Former India cricket captain Mohammad Azharuddin is pictured in 2009. A court in India on Thursday overruled the life ban imposed on Azharuddin in 2000 for match-fixing, posing a major challenge to the sport's ruling body.
©AFP/File - Manan Vatsyayana
NEW DELHI (AFP) - A court in India on Thursday overruled the life ban imposed on former national cricket captain Mohammad Azharuddin in 2000 for match-fixing, posing a major challenge to the sport's ruling body.
The Andhra Pradesh High Court in Azharuddin's home city of Hyderabad upheld his petition against the ban, which followed a Central Bureau of Investigation (CBI) report in 2000 that found the cricketer guilty of corruption.
The court said the Board of Control for Cricket in India (BCCI) had acted "unilaterally" in imposing the ban and threw out a lower court's order that ruled in favour of the ban, the Press Trust of India news agency reported.
The court lifted the ban after agreeing with Azharuddin's lawyers that there was "no evidence against the former cricketer that he succumbed to any pressure while playing cricket", the news agency added.
The BCCI was undecided whether to appeal the court's ruling, spokesman Rajiv Shukla told reporters in New Delhi.
"The legal team of the BCCI needs to analyse the judgement first, we can only comment on it after that," Shukla said.
Azharuddin, now 49 and an elected lawmaker, said he was delighted with the ruling.
"It was a long drawn-out legal case and it was painful," he told reporters in New Delhi. "But finally the verdict has come and I am happy that the ban has been lifted by the court.
"I am not going to take any legal action against any authority and I don't want to blame anybody for this also. It is about destiny and whatever had to happen has happened.
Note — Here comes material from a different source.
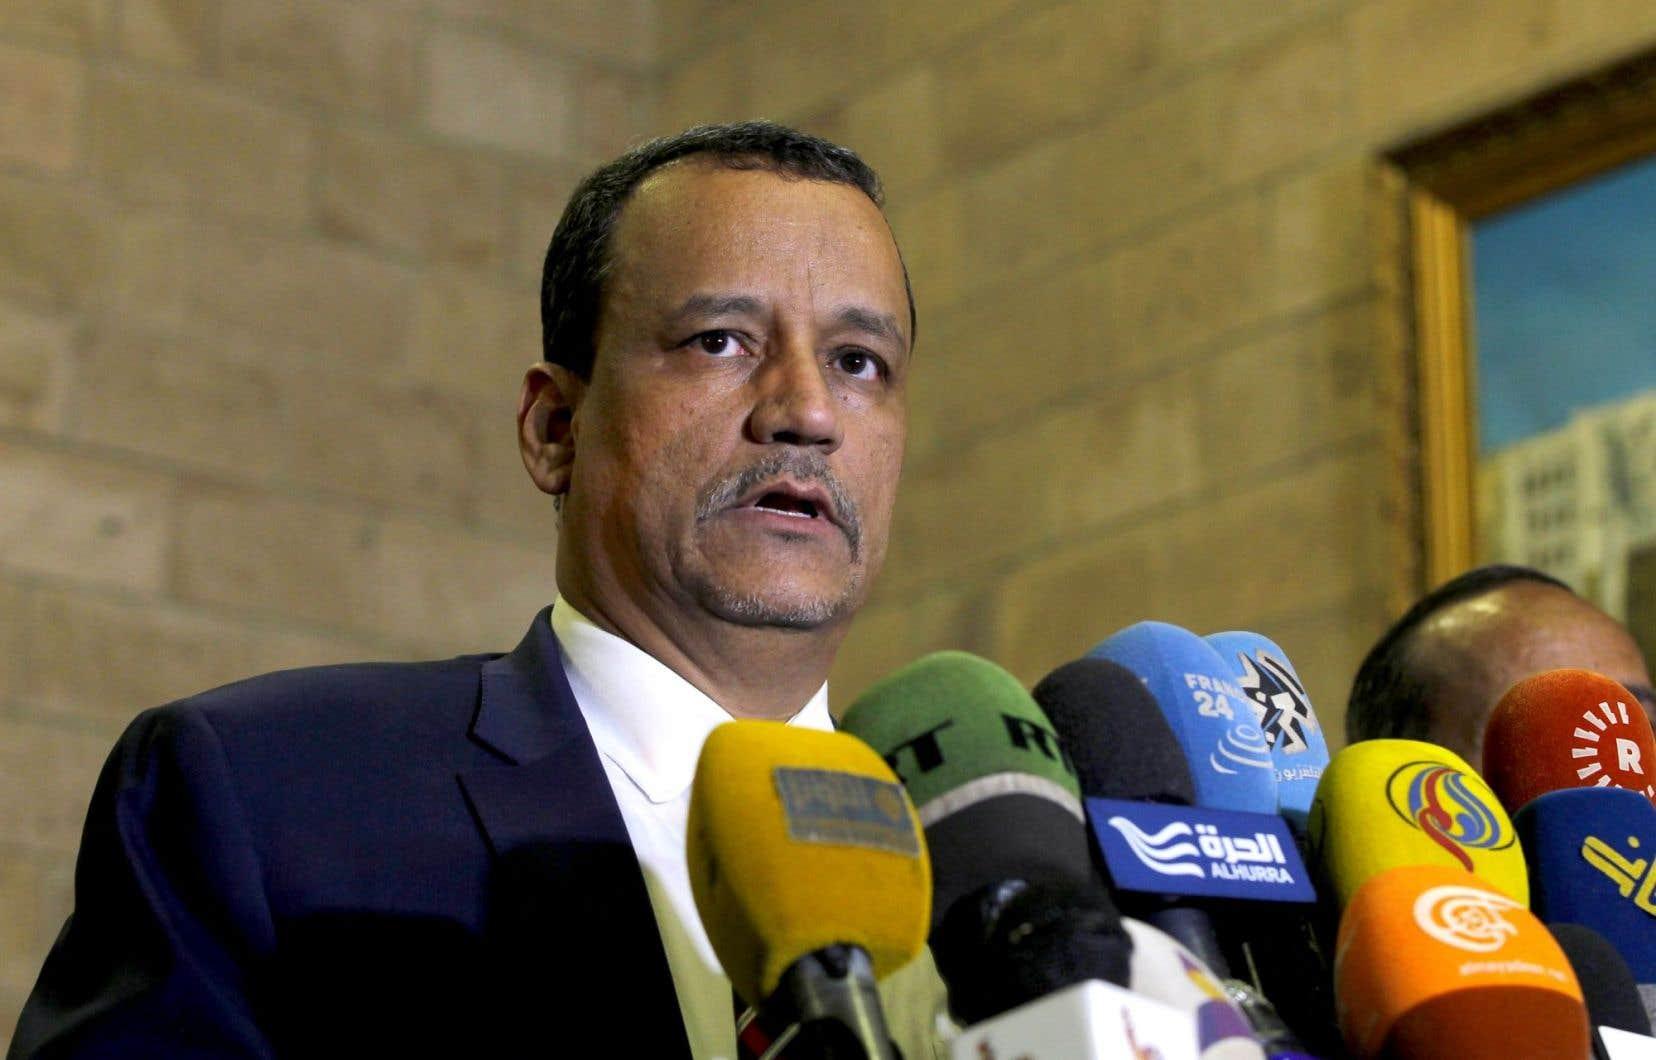 L'envoyé spécial de l'ONU pour le Yémen, Ismail Ould Cheikh Ahmed, a annoncé qu'il allait reprendre les négociations.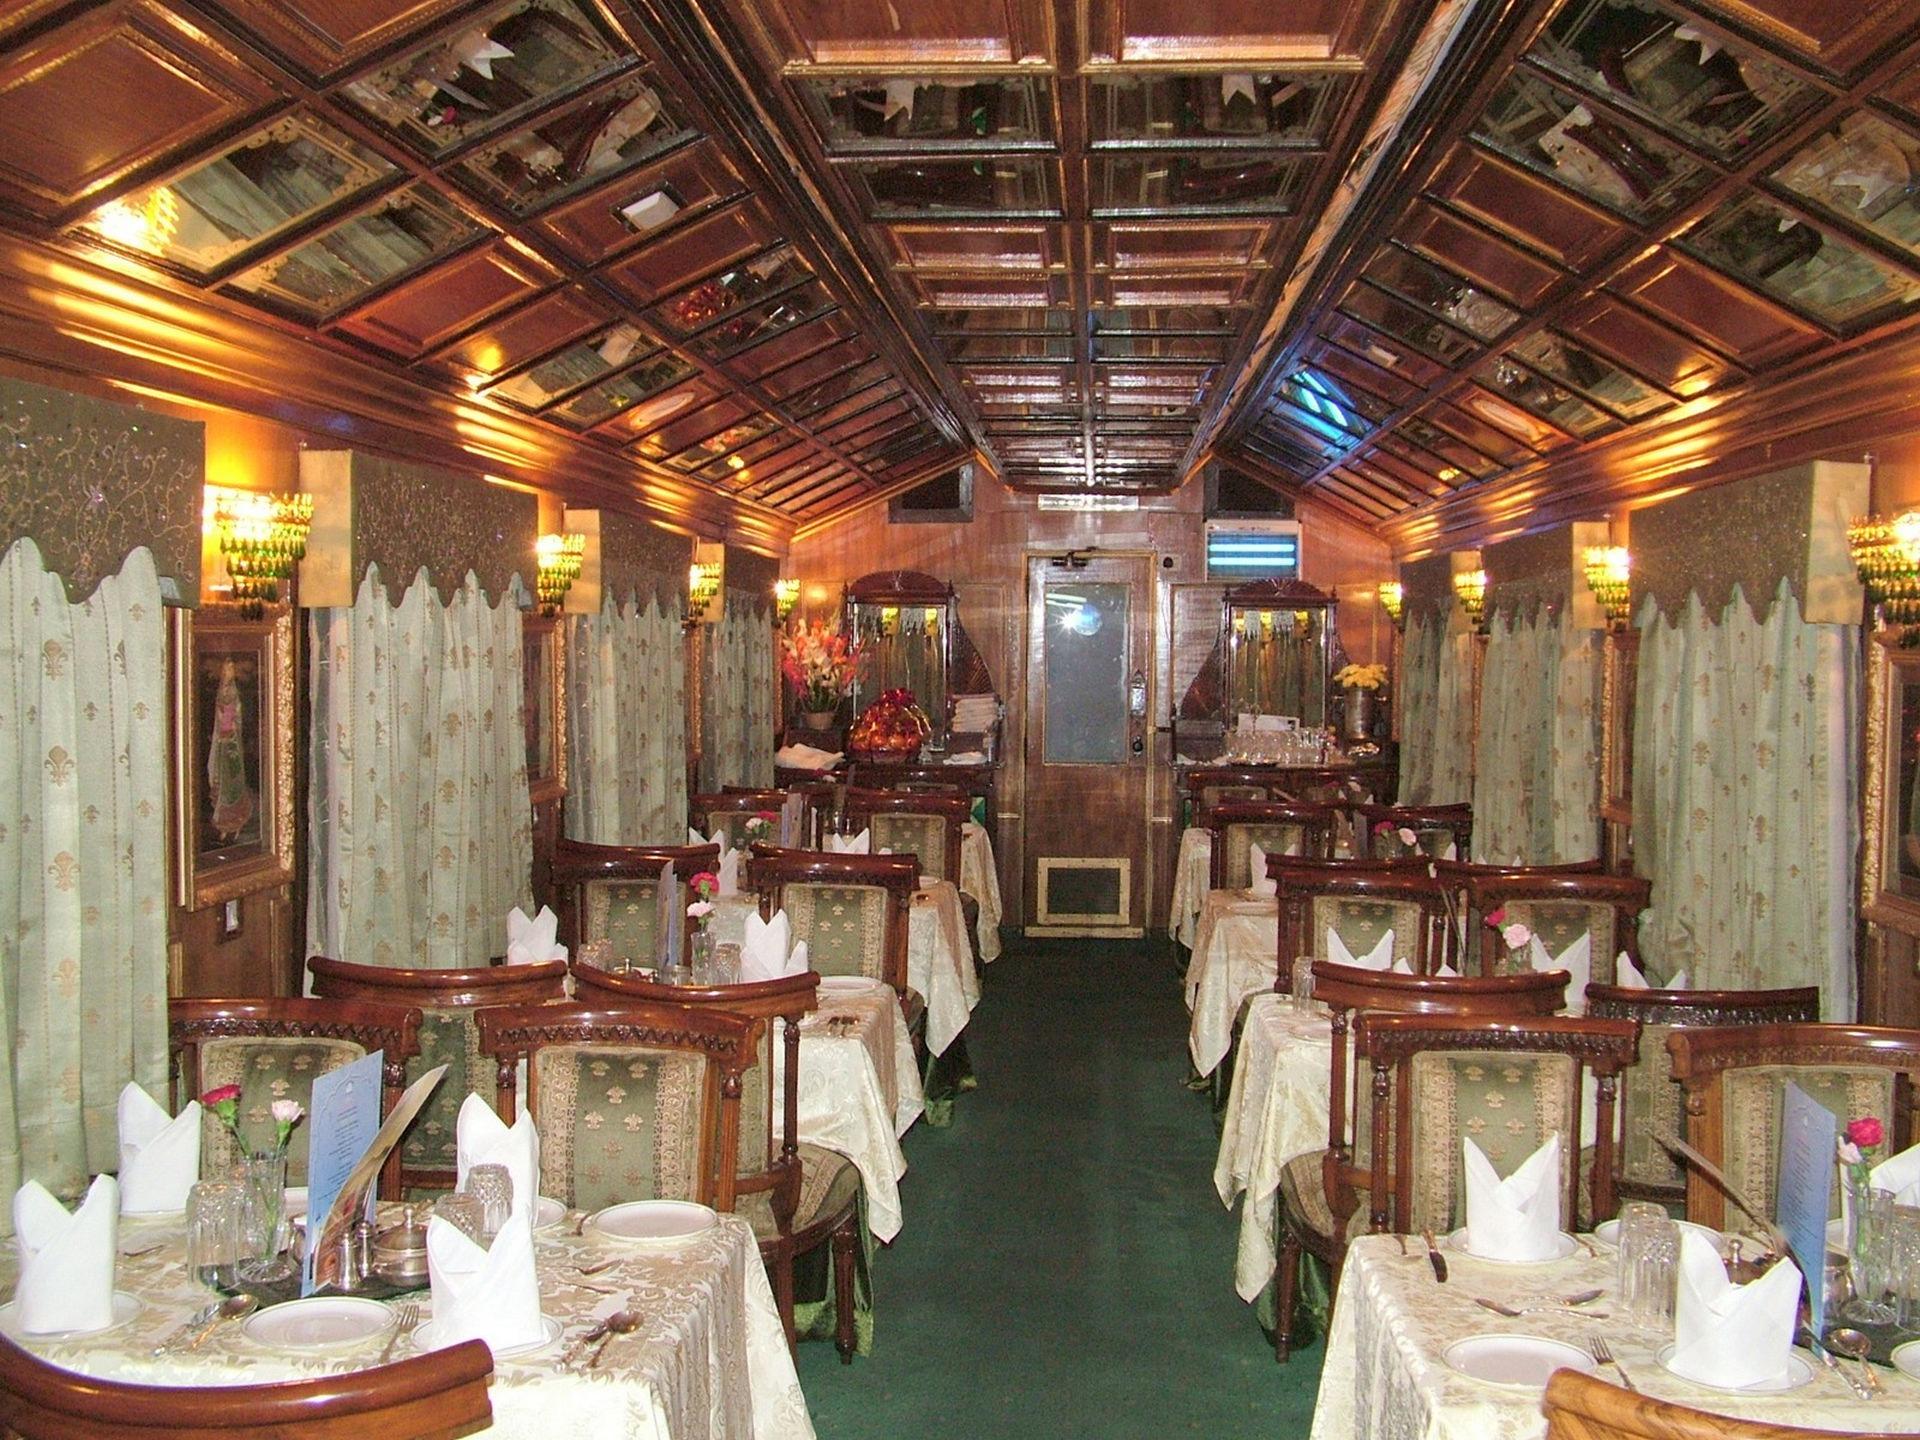 NOMAD-luksusowe-pociągi-Palace-on-wheels-Indie-07

"My conscience was clear and I was not happy by the ban. But I take things positively. I am happy now and want to move on."
The CBI inquiry was conducted after a match-fixing scandal in 2000 that led to life bans also being imposed on two other Test captains, Hansie Cronje of South Africa and Salim Malik of Pakistan.
Cronje, who was accused by New Delhi police of taking money from bookie Sanjeev Chawla during South Africa's tour of India in 2000, died in a plane crash two years later.
Azharuddin was stranded on 99 Test appearances due to the ban, having made 6,215 runs at an average of 45.03 after bursting on the scene in 1984-85 with centuries in each of his first three Tests.
The wristy right-hand batsman finished with 22 Test centuries. He also scored 9,378 runs in 334 one-day internationals with seven hundreds.
Azharuddin joined politics in 2009 and was elected to the lower house of parliament the same year on a Congress ticket from Moradabad.